What we want to build with Fund II

Fund II closes at $40M — roughly 40% larger than Fund I. The thesis has not changed. The vocabulary around the thesis has changed because the world has caught up to the problem set we were investing in. When we wrote our Fund I LP memo in early 2022, we had to spend the first two pages establishing that inference cost and latency were real production problems before we could describe companies working on them. We no longer need to do that.
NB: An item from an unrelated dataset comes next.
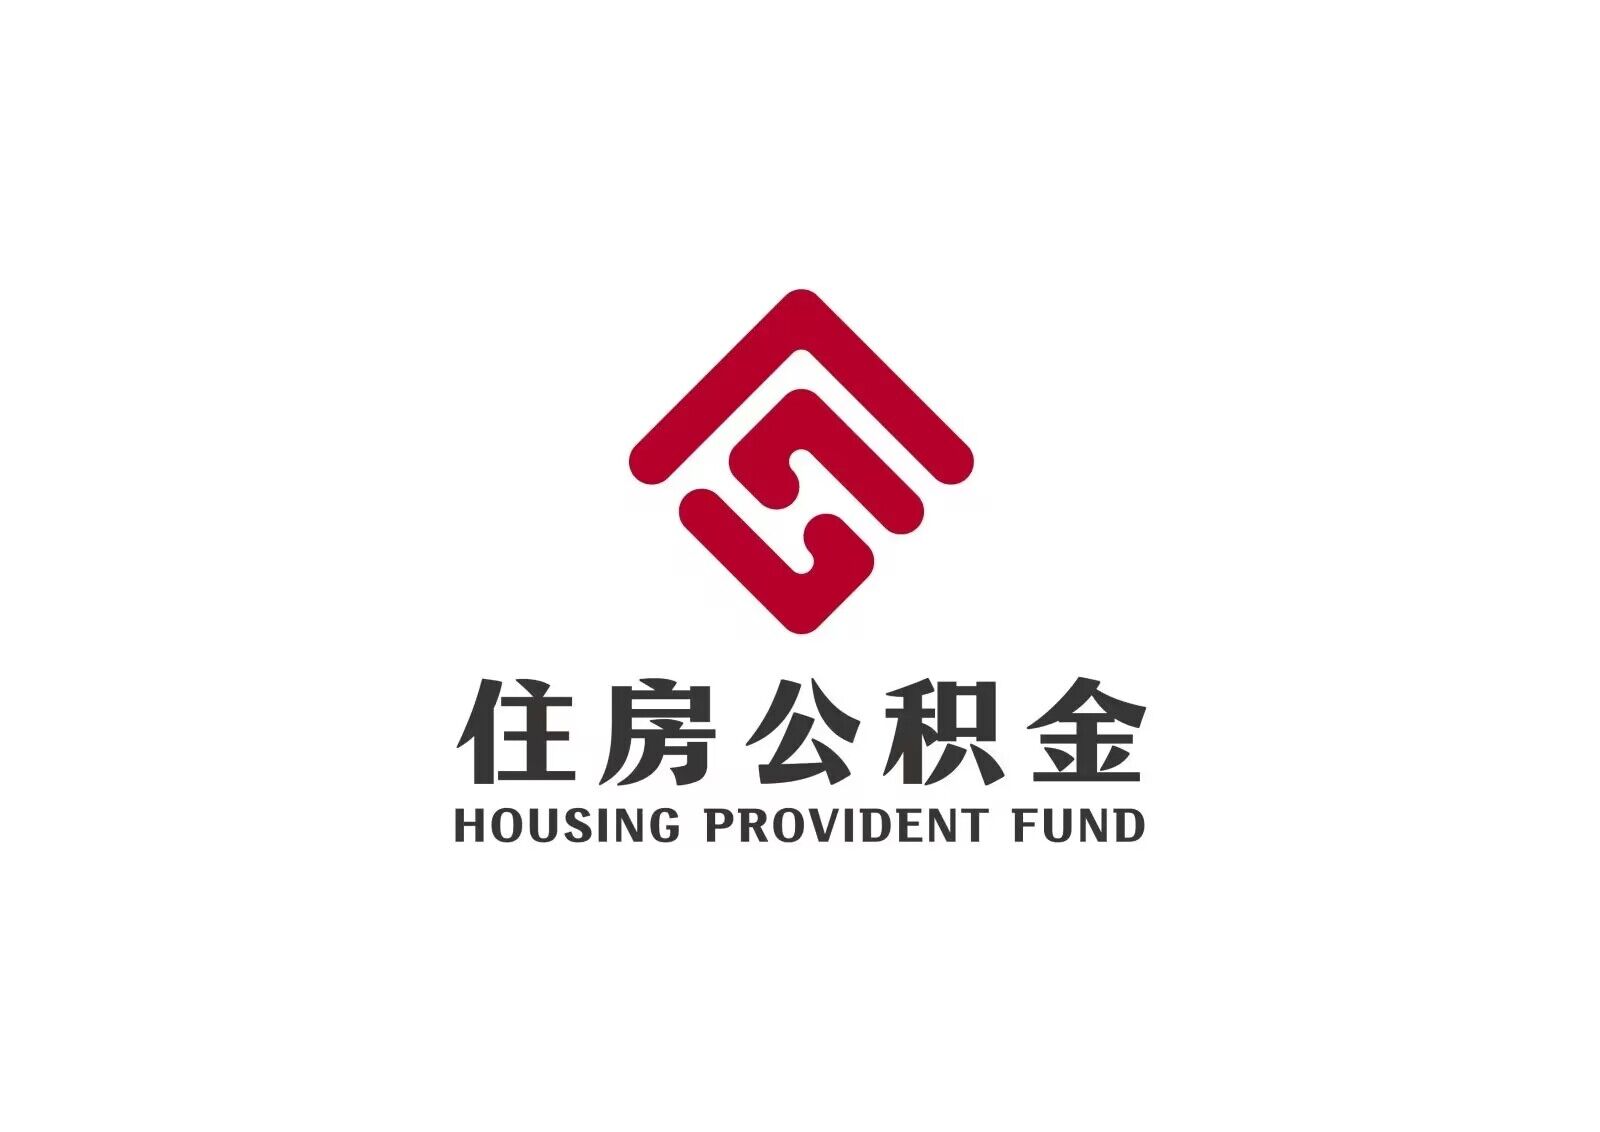 建造、翻建、大修上海市自住住房提取指南

What Fund II adds is a sharper focus on the next-layer problems: model routing at scale, edge and hybrid inference architectures, and the developer tooling that makes fine-tuned models behave like first-class deployable artifacts rather than research outputs that require heroic engineering to serve. The thesis is the same; the companies are working on harder versions of it.

We are also more deliberate about what we are not doing with Fund II. We are not investing in AI applications — in the companies using inference infrastructure to build end-user products. That is a large market and will produce large companies, but it is not the layer where our operating knowledge compounds. We have been inside the infrastructure layer, building it, for most of our careers. That is where our judgment is worth something, and where we will stay.